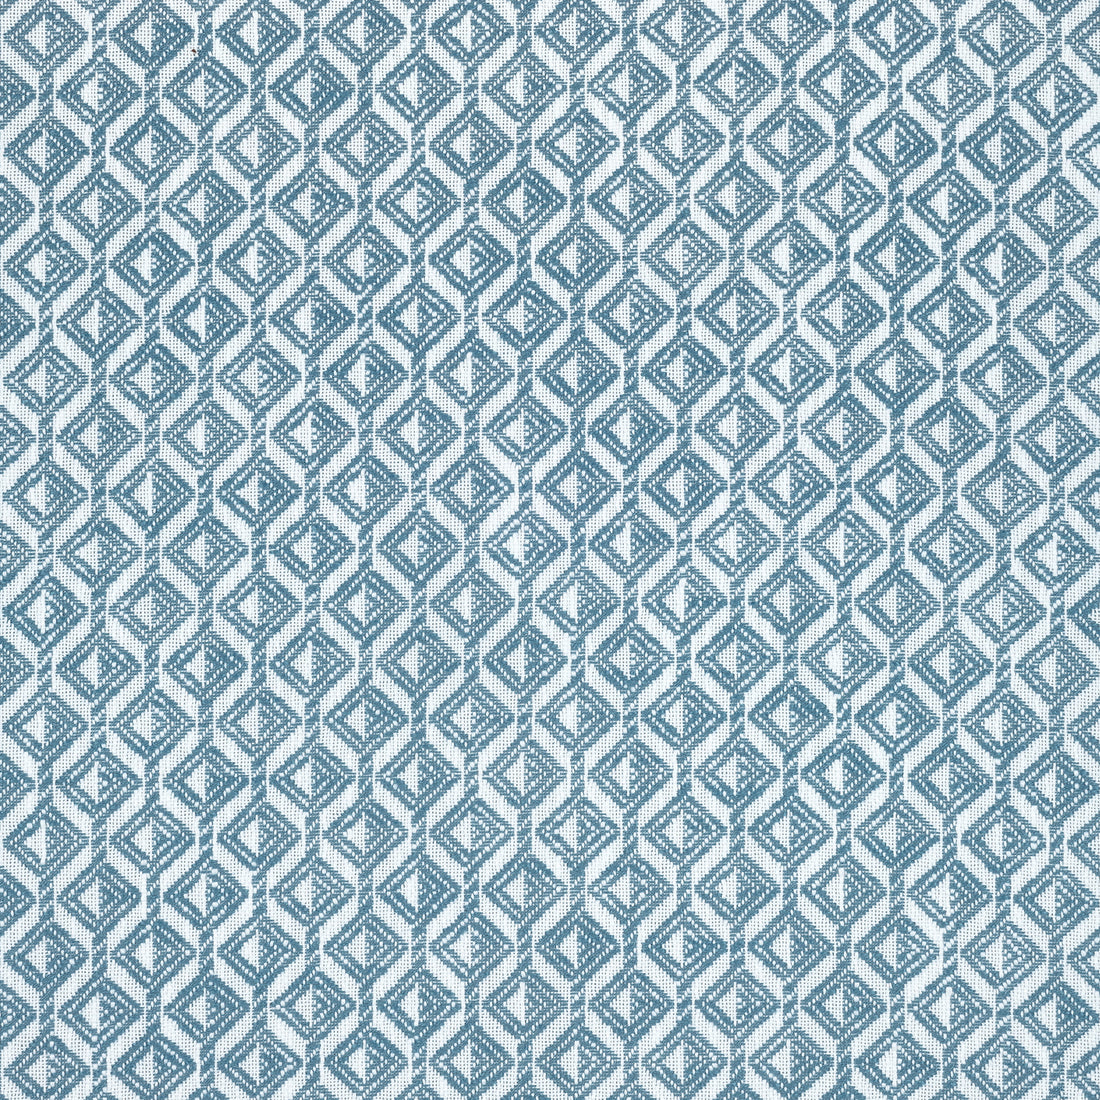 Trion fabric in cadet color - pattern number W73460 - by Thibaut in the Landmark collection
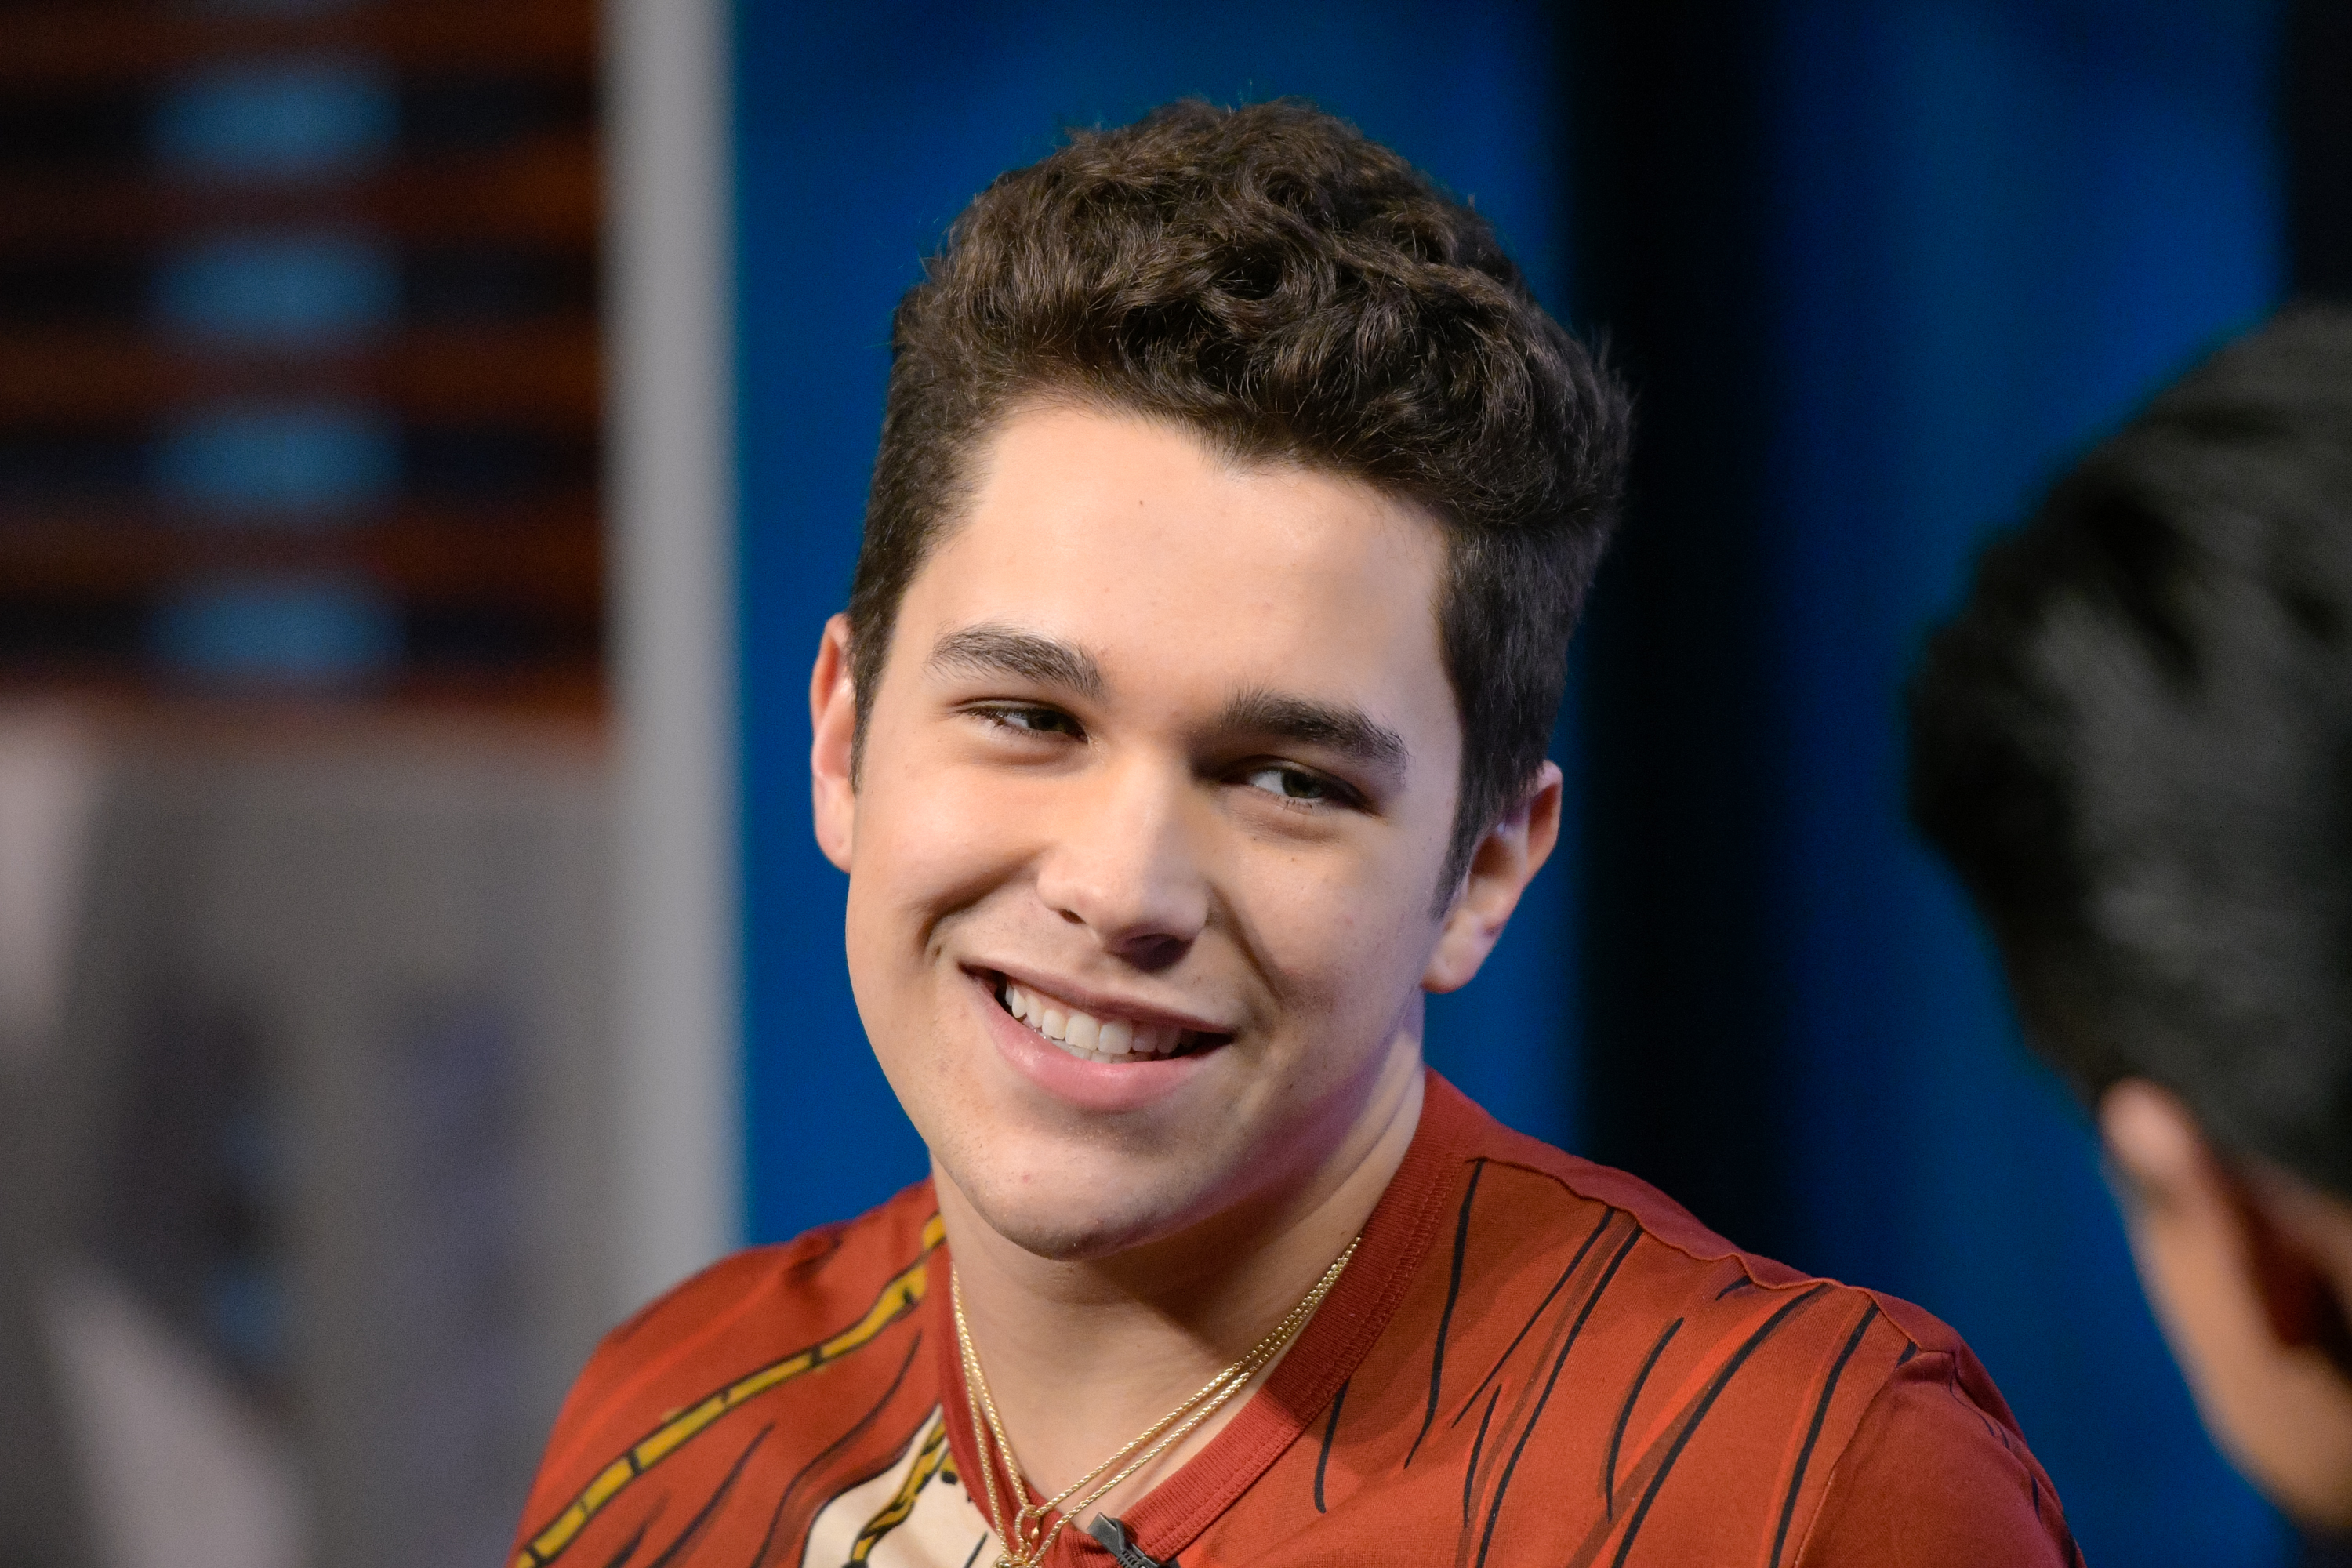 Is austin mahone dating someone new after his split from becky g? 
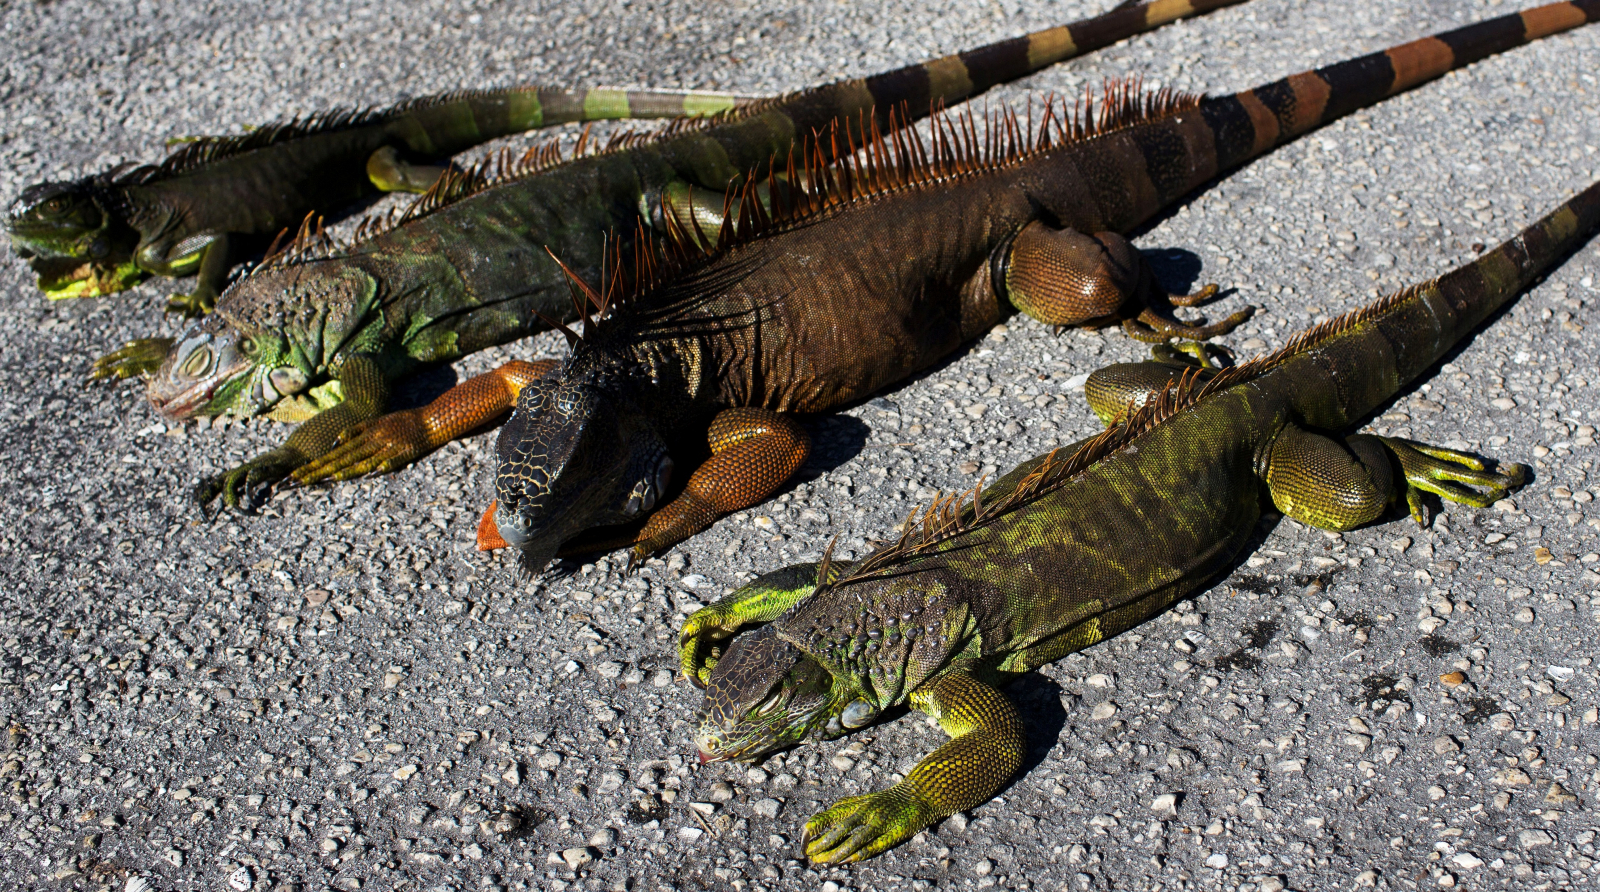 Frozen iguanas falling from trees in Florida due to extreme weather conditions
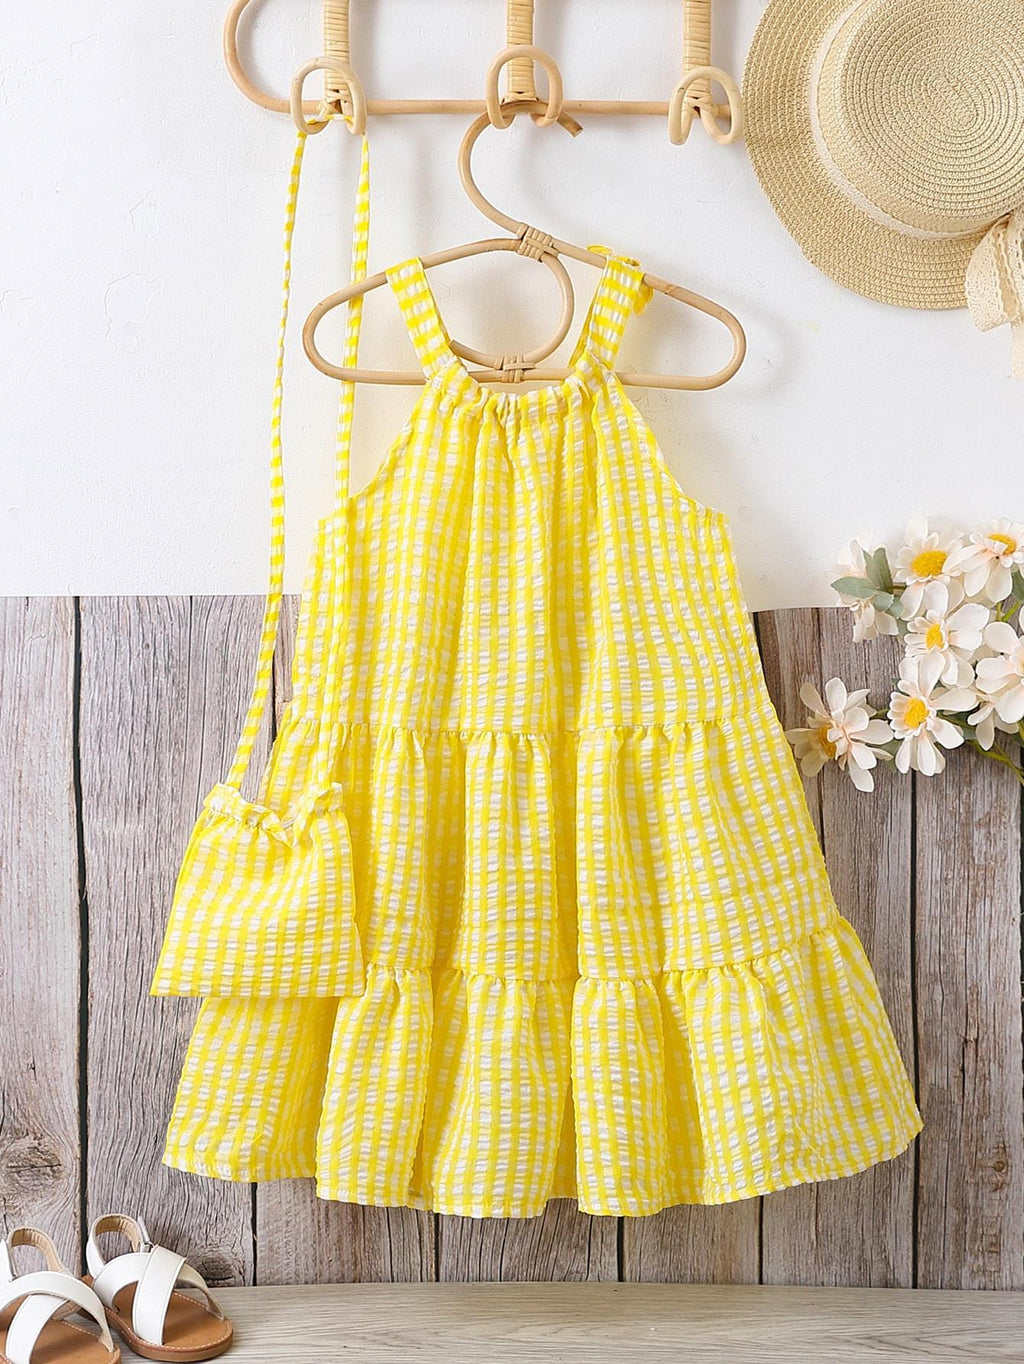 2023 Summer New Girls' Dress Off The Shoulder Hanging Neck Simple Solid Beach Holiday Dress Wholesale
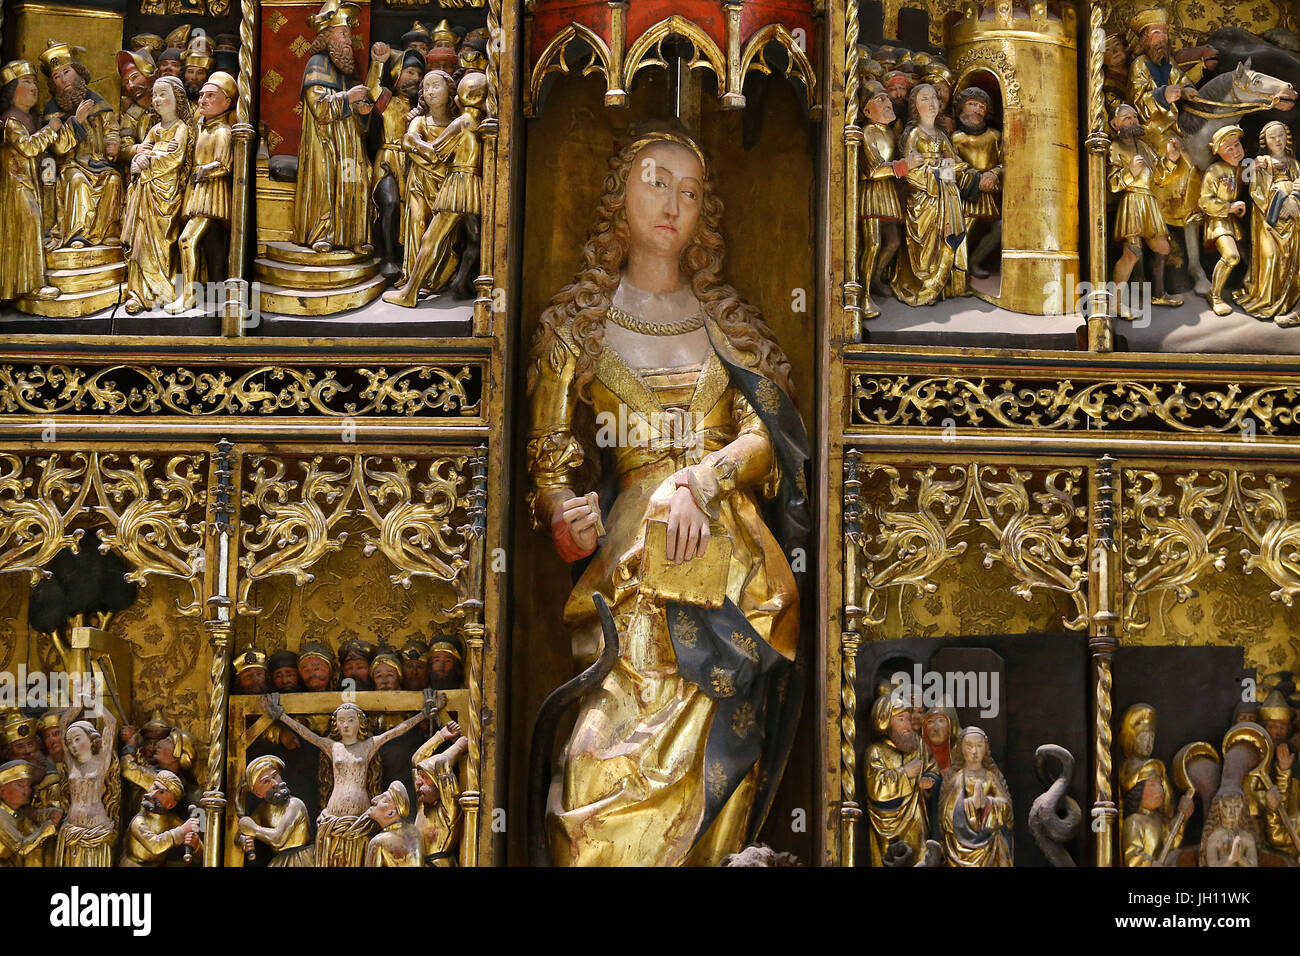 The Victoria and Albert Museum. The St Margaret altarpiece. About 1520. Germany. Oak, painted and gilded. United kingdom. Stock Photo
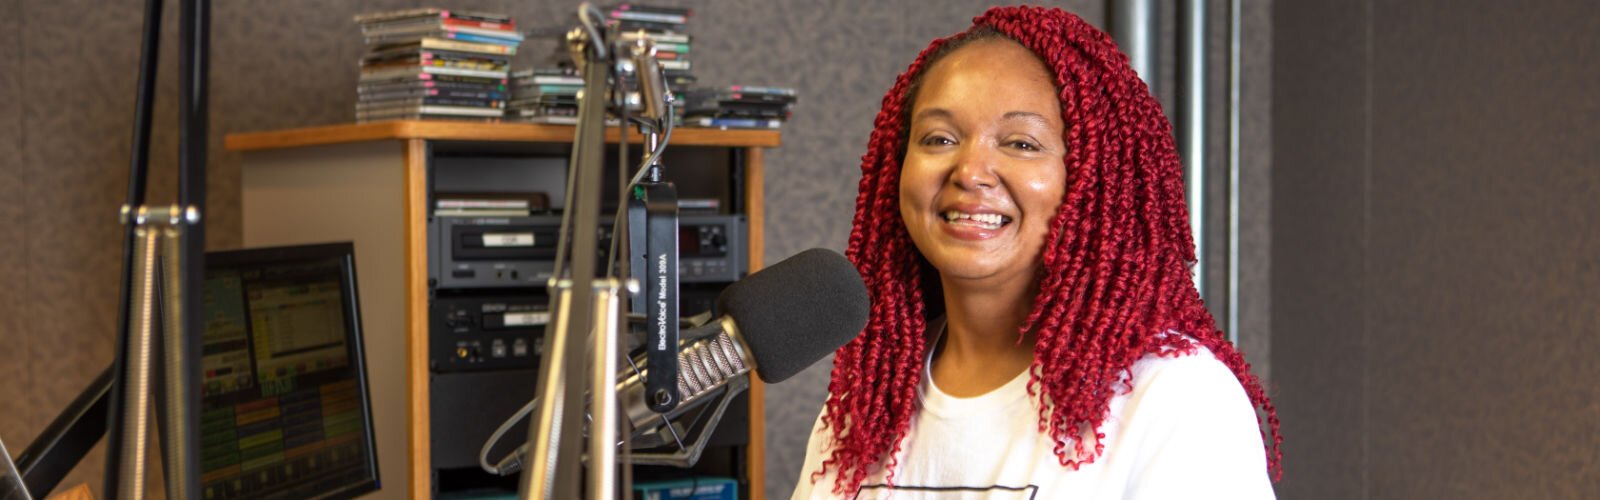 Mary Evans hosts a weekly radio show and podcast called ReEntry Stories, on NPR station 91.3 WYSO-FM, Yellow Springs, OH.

━━━

Please give back the material above exactly as written, pictures omitted.

 Trion fabric in cadet color - pattern number W73460 - by Thibaut in the Landmark collection
 Is austin mahone dating someone new after his split from becky g? 
 Frozen iguanas falling from trees in Florida due to extreme weather conditions
 2023 Summer New Girls' Dress Off The Shoulder Hanging Neck Simple Solid Beach Holiday Dress Wholesale
 The Victoria and Albert Museum. The St Margaret altarpiece. About 1520. Germany. Oak, painted and gilded. United kingdom. Stock Photo
 Mary Evans hosts a weekly radio show and podcast called ReEntry Stories, on NPR station 91.3 WYSO-FM, Yellow Springs, OH.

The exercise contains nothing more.